My research involved giving memory tests to nonhuman primates using touchscreen computer systems. My primary (and favorite) research subjects were the orangutans at Zoo Atlanta. Every morning I would bring the touchscreen computer systems to the orangutans before they went outside for the day. Participation was totally voluntary, and the orangutans loved doing the tests on the computers.
Because my research was based at Zoo Atlanta, I had the opportunity to communicate with the public about the research itself and the importance of research generally. We (the research team) worked with Zoo Atlanta’s outreach and education programs to clearly talk about research in zoos and encourage visitors to think about science and conservation.
As a graduate student I led Jane Goodall’s Roots & Shoots program at Emory. With a group of 15 volunteers each year, we brought lessons about sustainability and science to third graders at a local elementary school. We also participated in the Atlanta Science Festival Exploration Expo, where we brought interactive activities designed to spark conversations about sustainability to hundreds of Atlantans of all ages.
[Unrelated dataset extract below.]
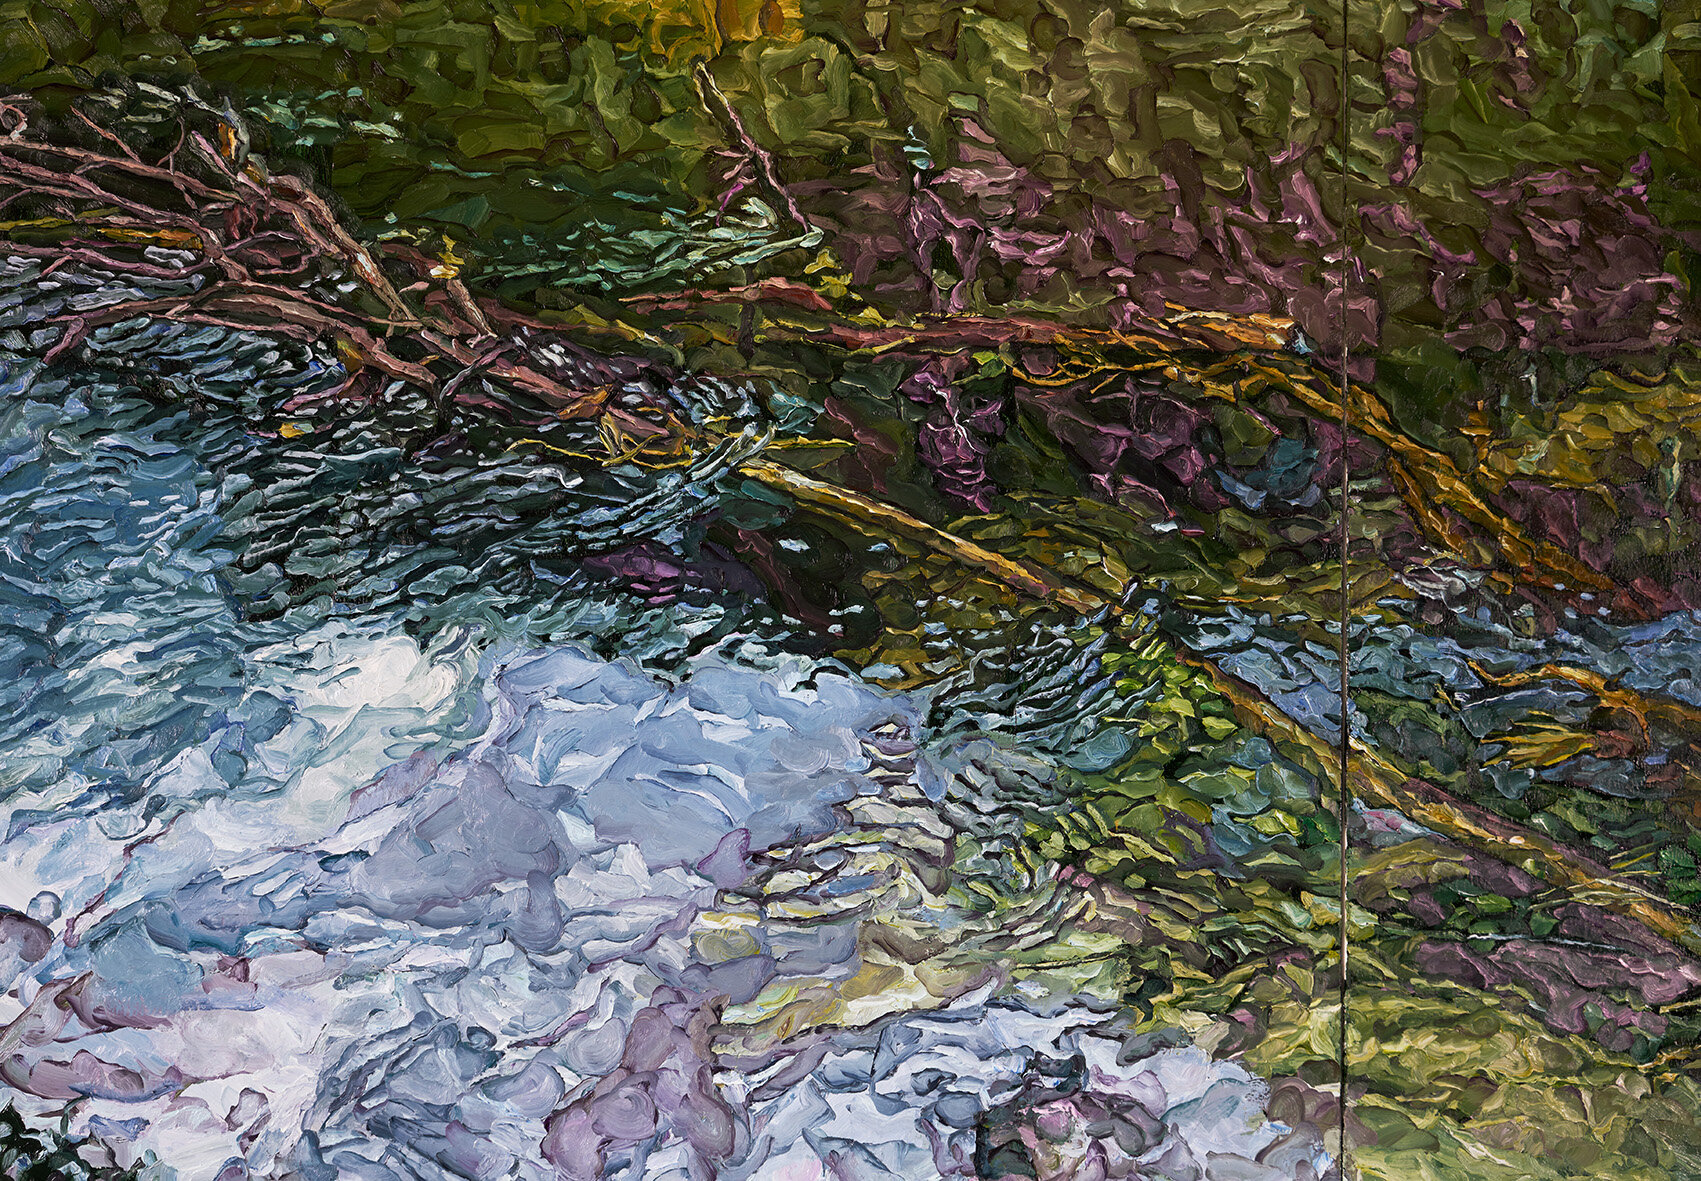  Elaine Roberto-Navas  We Cannot Step Twice Into The Same River (After Mawen Ong)  2020 Oil on canvas H182.9 x W243.8 cm (diptych, detail) 
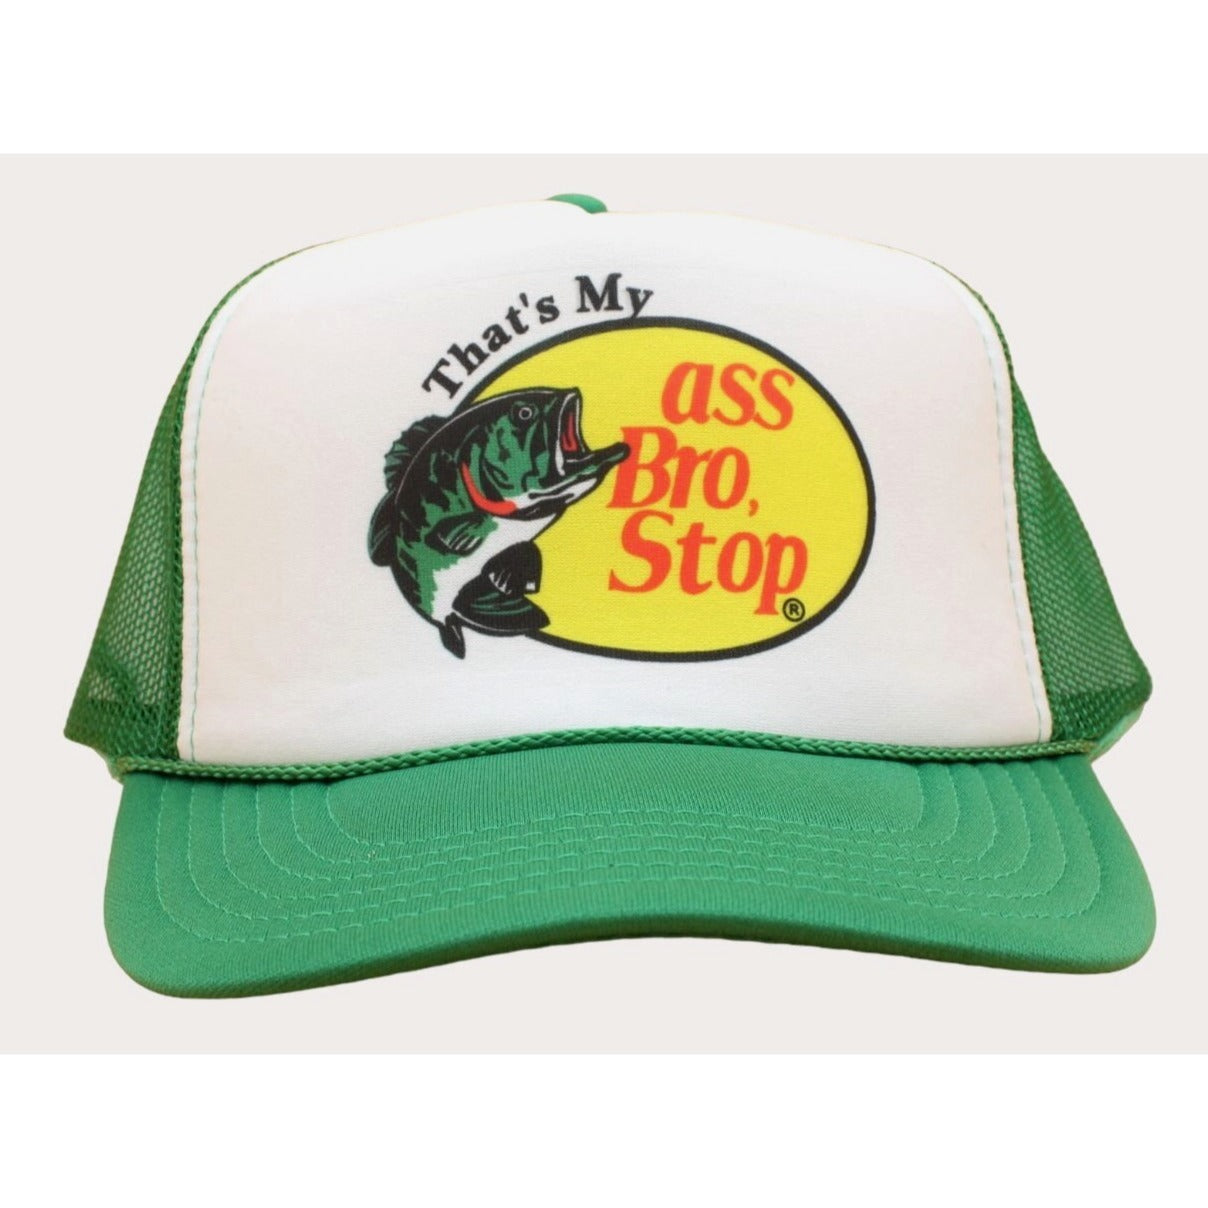 That's My Ass Bro Stop Hat

Dissecting owl pellets was a real crowd pleaser, and it prompted dialog about predator-prey relationships and local wildlife.
I’m deeply committed to making science fun and approachable, and I’m delighted to be working at an organization dedicated to supporting the field of informal STEM education. My first main project is organizing the 2019 NSF Advancing Informal STEM Learning (AISL) Principal Investigator meeting. After that, I look forward to making connections with the people and projects that are a part of the InformalScience.org community. I’m excited to learn about more areas of informal STEM education, and I hope to connect with those of you interested in zoos, sustainability, and conservation.